Crosshair III Formula LCD Poster

Soldato
Joined
1 Jan 2008
Posts
11,584
Recently installed this awesome board in my new setup, but my LCD poster remains stuck on CPU INIT or RESERVED after boot. I haven't seen it show anything else.

My impression is that this is likely a BIOS issue, but I don't know for sure.

My question is, has anyone else encountered this issue, and does anybody know how to solve it?

Thanks in advance for any useful input.

p1020641s.jpg
 
Last edited:
CPU INIT = CPU initiation
No idea what reserved is though, I also have this board myself. Sounds like it could be the BIOS, try flashing it to the latest one?
 
Thanks VK, I'll give it a shot.

Orcvader - You're correct, it's the first part of the POST process. I have the latest BIOS (1503) though I've noticed there's a newer one on the ftp site that isn't on the downloads. I'm going to wait for someone else to try that first!
 
Try booting with 1 stick of RAM, :)

No change unfortunately. Took one stick out to leave one in the first slot. CPU INIT is shown all the time, though the backlight does flicker several times as the machine boots, but eventually settles.
 
Still having this issue, even on the latest BIOS (which had to be flashed backwards after a few days as the multi got stuck on x4!)

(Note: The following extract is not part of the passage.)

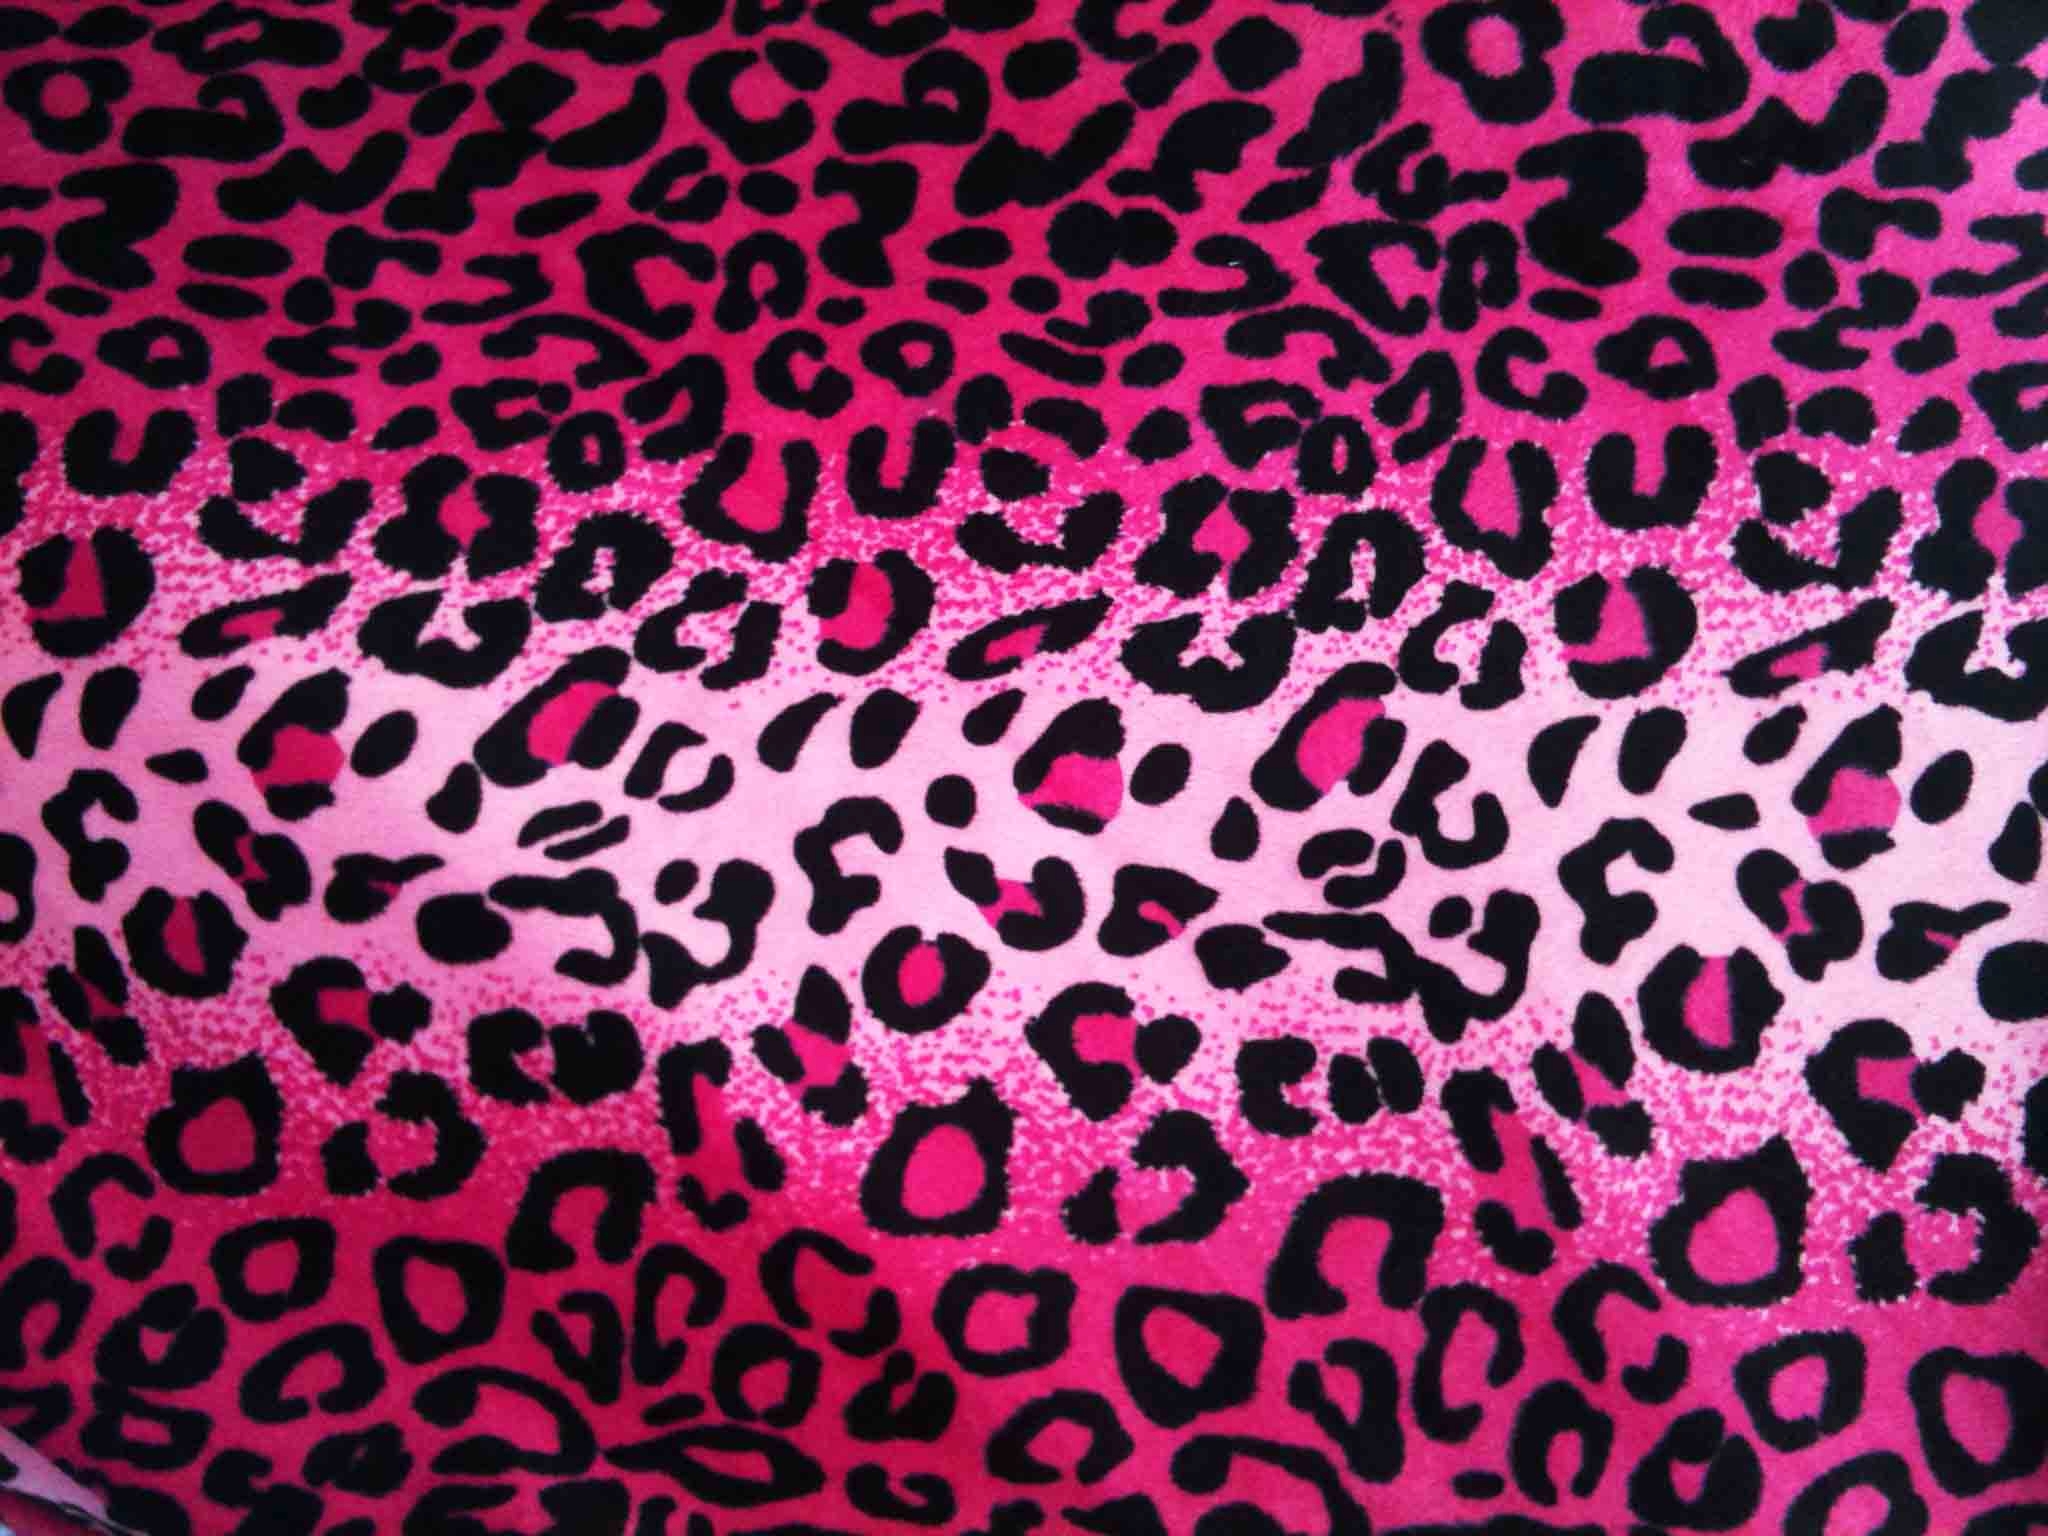  wallpaper Pink Cheetah Backgrounds hd wallpaper background desktop 2048x1536

I'd appreciate any more suggestions...
 
I had this on my old mobo, I'm unsure what fixed it but I took my PC apart and rebuilt it from scratch and it booted first time.
 
Well, another update on this - I tried removing the connector and booting without the poster, then putting it back in again - an attempt to recreate what Aedus did (though I now suspect his machine wasn't booting at all), but this didn't help.

I'm not too clued up on how this thing works, so is it likely to be a faulty poster or some sort of incompatibility?

Also added a picture, everyone likes pictures.
 
Still having this problem, going to just give up on the LCD poster, it doesn't seem to be of much use anyway to me.

I do have a new problem that I haven't troubleshooted yet, and it's that the BIOS freezes most of the time when starting the PC from cold (i.e. no mains power). It boots fine otherwise. Not sure what the problem could be, but I'm going to remove the overclock and test again as a first step, though I do know it's stable in normal circumstances.
 
I have now solved this problem....

By removing the LCD poster entirely. I don't need it really and it just doesn't seem to want to work, so I just unplugged it and put it in a draw.